2015-11-24 17:26:30 | 日記
 『現代思想』の今月号の特集は「大学の終焉」である。この号を購入しようかどうしようかと迷ったが、結局購入した。町田の住人からは、今月号はどうだろうか、読むべきだろうかと尋ねられ、その時には購入してない旨を伝えた。しかし今、読む必要はないかも知れませんと答える。

 すでに大学は、国家や資本の隷属下に置かれている。今月号は、文科省の教育系や人文系の学部学科を淘汰しようという動きのなかで企画されたものだ。この問題を真面目に取り組んでいる文や対談はある。しかし読んでいても展望はない。いずれの分野でも同様の事態が起きていることを確認するだけである。文科省が資本の要求を受けて、あるいは忖度して行おうとしてることに対して、大学関係者はこれに対抗できるのかと問えば、それは無理だと答えるだろう。学校教育法が改悪されても、そして大学の自治が根本から粉砕されようとしても、いま大学のキャンパスには、教員らの闘う姿勢はどこにも視られない。

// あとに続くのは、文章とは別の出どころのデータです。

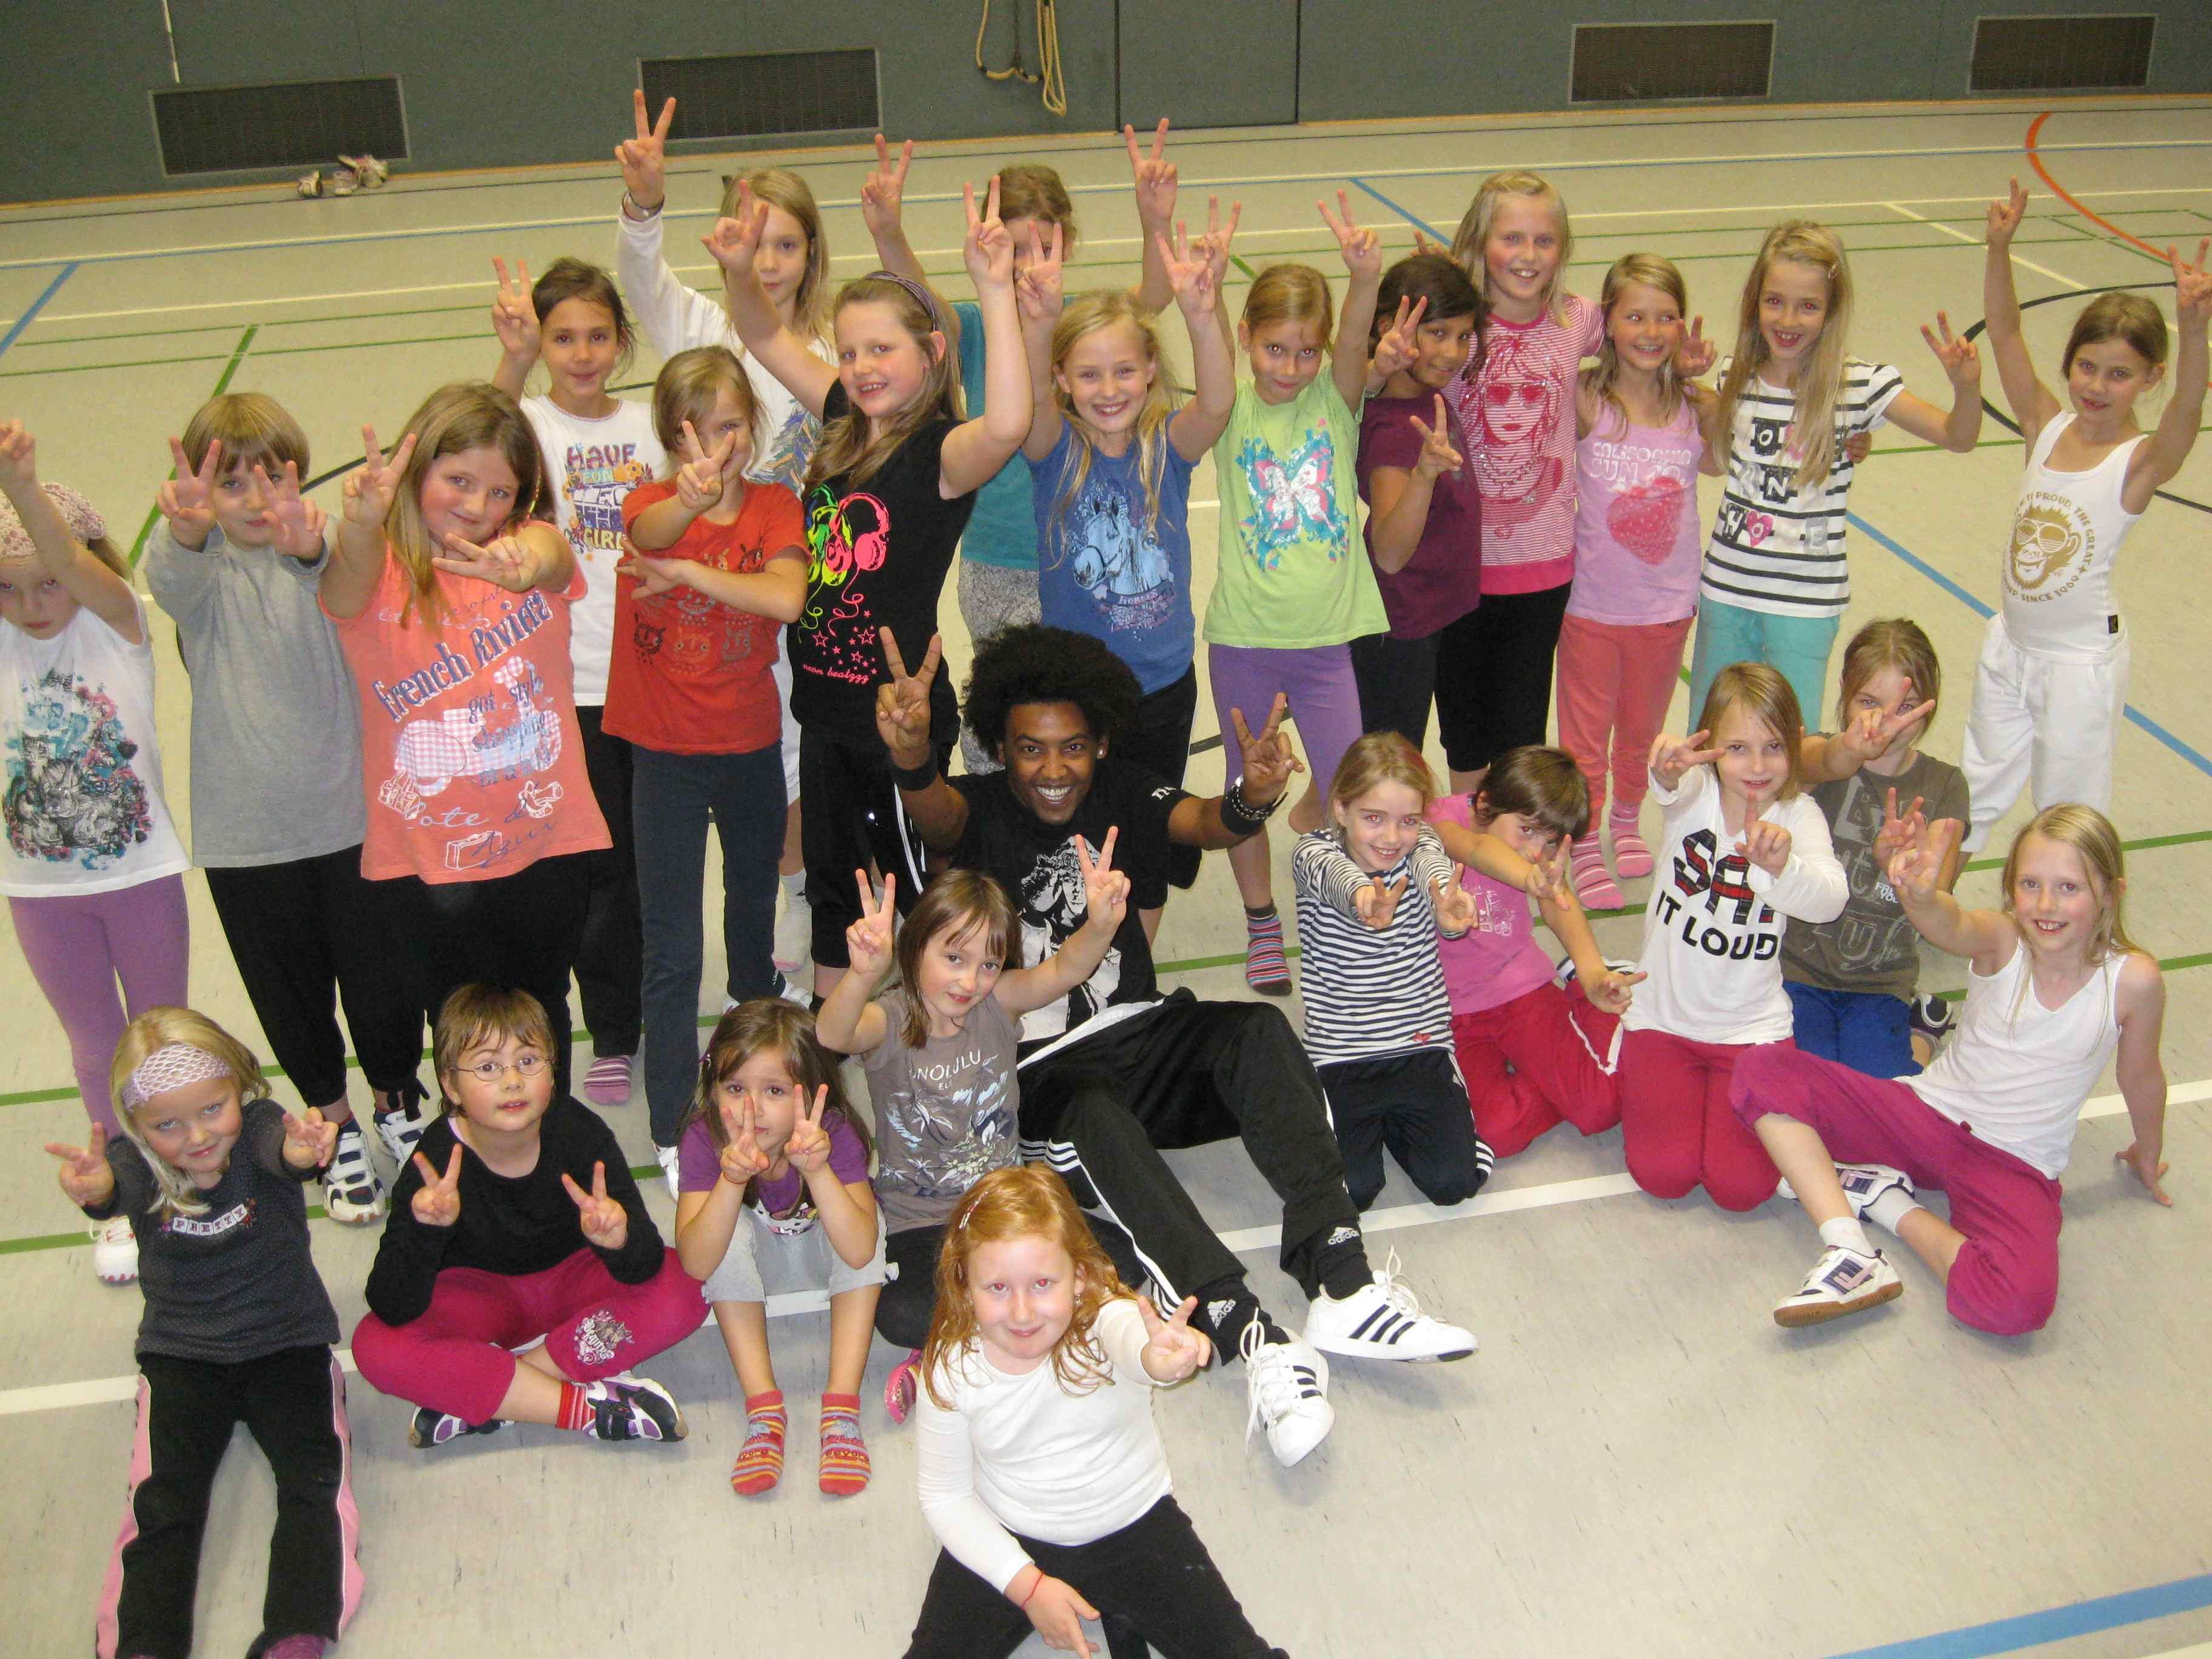 Hip Hop Kurse beim TuS Johannland: Power und Ausstrahlung bei Choreograph Alexes Feelmo

 正当にこの問題を取り扱っているのは、鵜飼哲・島薗進の対談、池内了・石原俊の論文である。この人たちの研究成果は時に参照させていただいている、立派な研究者である。そこでいわれていることはその通りだと思うが、しかし先述したように、正しいことを正しいと主張し実現する物質的なあるいは人的な動力源がない。

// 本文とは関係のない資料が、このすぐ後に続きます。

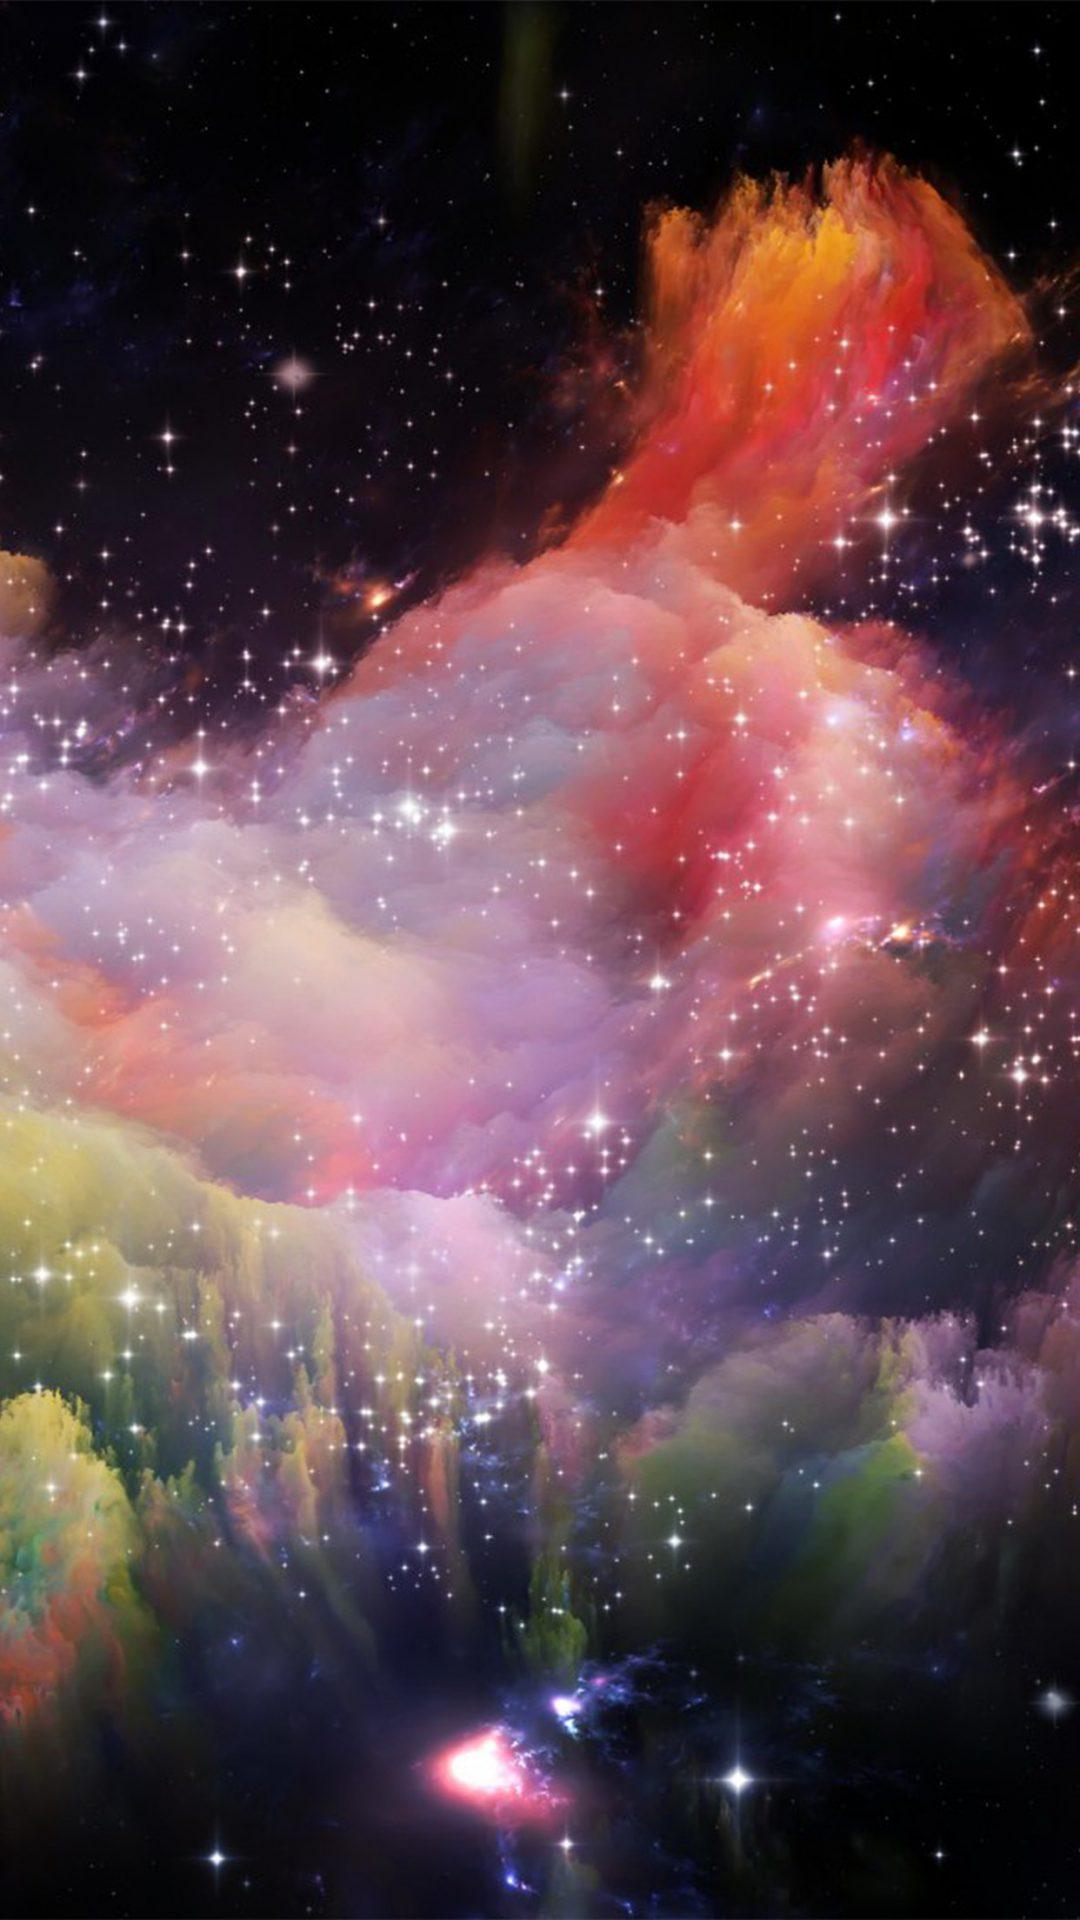 Space Rainbow Colorful Star Art Illustration

 藤原辰史の「見知らぬ人との人文学」、これは肩肘張らずの優しい文であるが、これがなんとまあ素敵な内容だ。藤原は「自由と平和のための京大有志の会」の主要メンバーだ。農業史を専攻しているようだ。藤原は、有志の会が作成したあの「声明書」の草稿を書いたそうで、なるほどと思った。難しくもなく、格調高い、真実をついたあの声明を書くような人だからこそ、こういう文が書けるのかと思った。

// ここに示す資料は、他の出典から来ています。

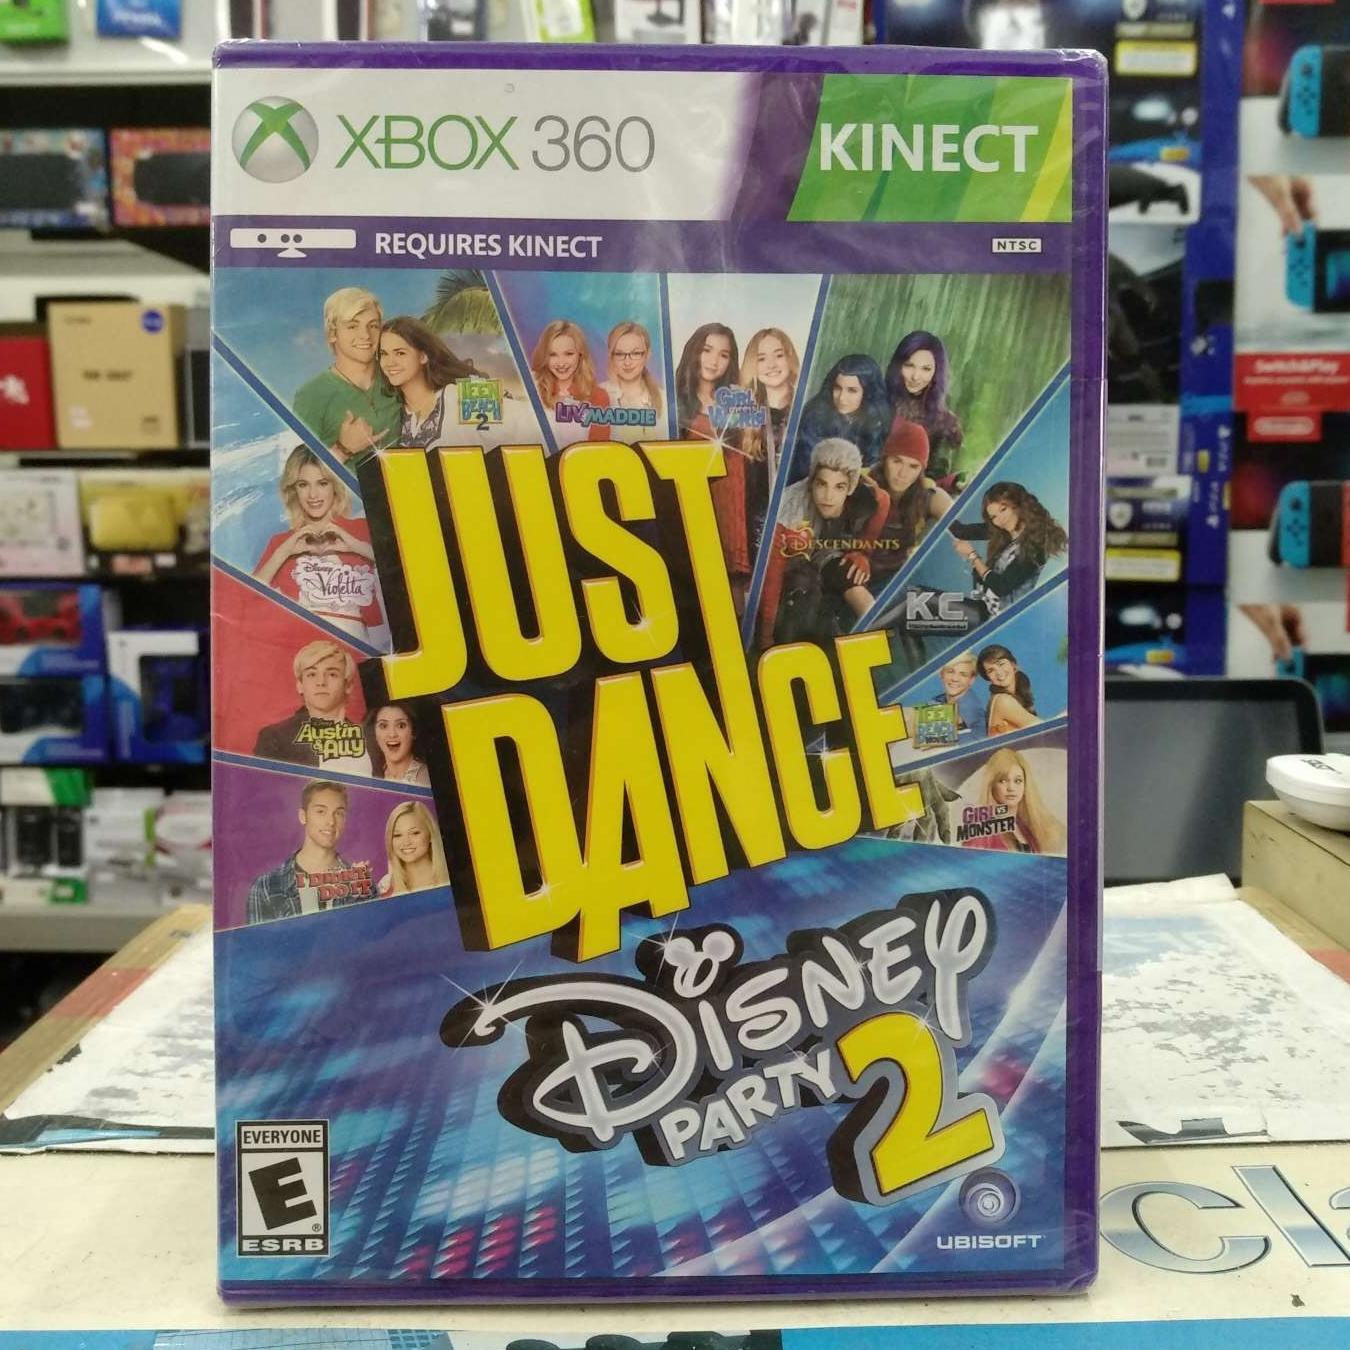 Xbox 360 Just Dance Disney Party 2

 藤原は、「「見知らぬ人」の声に冷静に耳を傾け、耳で咀嚼する聴力を鍛えることが、人文学を志す人間の毎日の務めである」という。人文学の未来は、なるほどこういうところにあるのだと、自然に納得してしまう。勿論藤原は、そうした例をいくつか書き込んでいるのだが・・・

 ネットで検索してみたところ、なかなか面白い研究をしている人であることを発見した。この人を発見しただけでも、『現代思想』を買った価値があると思った。

http://www.zinbun.kyoto-u.ac.jp/~fujihara/


 上野俊哉、吉見俊哉の文は、ひねりが利きすぎて、キャッチャーミットに入っていない。それにバッターである読み手も、そのボールがよく見えない。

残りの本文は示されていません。